In 2003, terrorism was a more immediate national danger than infectious diseases. Dr. Anthony Fauci’s National Institute of Allergy and Infectious Diseases (NIAID) had just redirected $117 million from infectious diseases to fund a new anthrax vaccine effort in response to the anthrax attacks that happened a week after 9/11.

The millions were just a small part of the $1.8 billion Fauci had poured into defense from bioterrorist attacks over the preceding two years. More than half of those funds were devoted to anthrax and smallpox alone. In 2004, Fauci launched the $5.6 billion “Project Bioshield,” the National Institutes of Health’s biggest outlay for a single research issue until then.

Some microbiology researchers at the time, however, according to the journal Nature, were concerned that Fauci’s actions would ultimately “distort priorities in infectious-disease research, sucking money away from work to understand and counter natural disease outbreaks that ultimately pose a greater threat to public health.” The 2003 Nature article cited a Stanford University microbiologist saying “that diseases such as influenza and other respiratory-tract infections routinely kill far more people than would die in a bioterrorist attack, and therefore deserve a greater share of the NIAID budget.”

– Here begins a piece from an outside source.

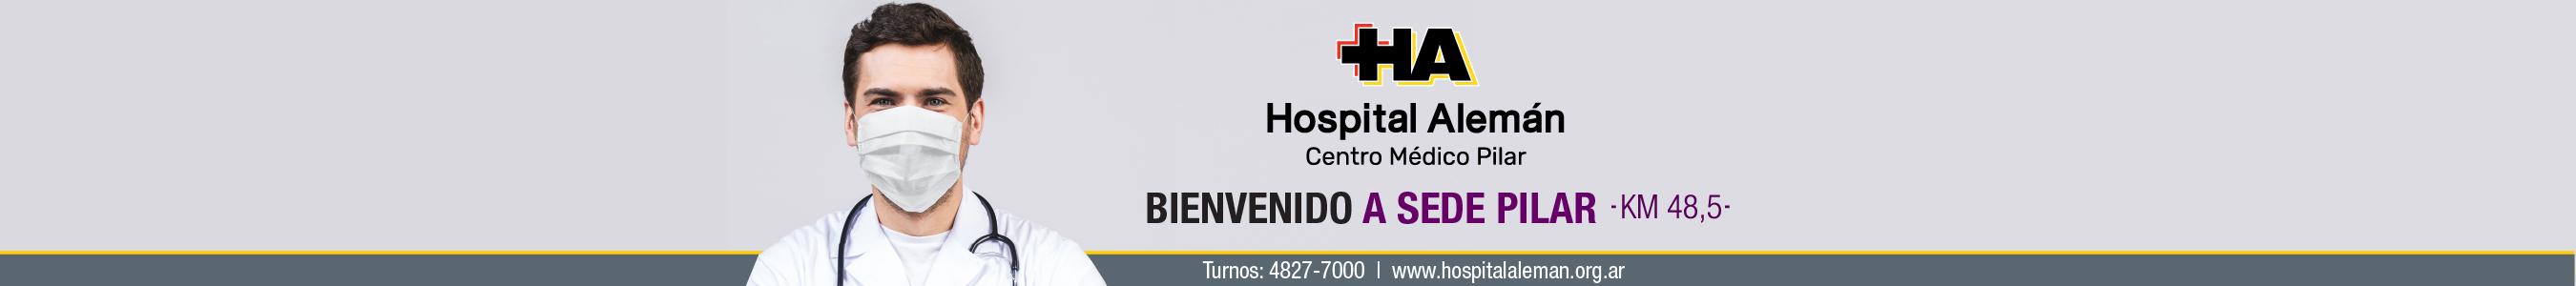 BannerWeb_Centro-Medico-Pilar

The criticism turned out to be warranted. In 2007, after spending billions under the opposite premise, Fauci admitted that “at the end of the day, you’re not going to kill as many people [with an anthrax attack] as you would if you blasted off a couple of car bombs in Times Square.” His anthrax vaccine effort had failed, having been “sunk by lobbying.”

The anthrax vaccine failure followed on the heels of Fauci’s controversial leadership of the nation’s AIDS response in the 1980s and ‘90s. According to “Good Intentions,” a 1990 book by investigative author and innovation expert Bruce Nussbaum, Fauci started his career as “a lackluster scientist,” who “found his true vocation—empire building” when he took the reins at NIAID in 1984.

To ensure that AIDS would be his exclusive demesne within the federal government, Fauci “started the most important bureaucratic battle in the history of the fight against AIDS,” squeezing out more scientifically competent, but less conniving administrators. According to Nussbaum, if Fauci had not won the battle, “many people who died might have lived.”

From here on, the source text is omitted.